Data:
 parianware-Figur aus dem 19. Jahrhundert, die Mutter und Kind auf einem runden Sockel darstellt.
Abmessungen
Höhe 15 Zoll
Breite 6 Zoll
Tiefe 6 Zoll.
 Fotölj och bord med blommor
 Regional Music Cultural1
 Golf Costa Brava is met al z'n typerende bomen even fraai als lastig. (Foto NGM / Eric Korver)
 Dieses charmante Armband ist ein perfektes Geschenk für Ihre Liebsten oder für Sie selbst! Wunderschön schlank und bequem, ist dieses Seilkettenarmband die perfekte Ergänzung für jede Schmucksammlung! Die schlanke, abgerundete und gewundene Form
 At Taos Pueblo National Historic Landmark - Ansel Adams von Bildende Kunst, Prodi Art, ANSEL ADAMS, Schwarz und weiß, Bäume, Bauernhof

Directions: All lines above from the one with "Abmessungen" to the one with "Dieses charmante Armband", inclusive, should be copied exactly, and no other lines.

Answer to the exercise:
Abmessungen
Höhe 15 Zoll
Breite 6 Zoll
Tiefe 6 Zoll.
 Fotölj och bord med blommor
 Regional Music Cultural1
 Golf Costa Brava is met al z'n typerende bomen even fraai als lastig. (Foto NGM / Eric Korver)
 Dieses charmante Armband ist ein perfektes Geschenk für Ihre Liebsten oder für Sie selbst! Wunderschön schlank und bequem, ist dieses Seilkettenarmband die perfekte Ergänzung für jede Schmucksammlung! Die schlanke, abgerundete und gewundene Form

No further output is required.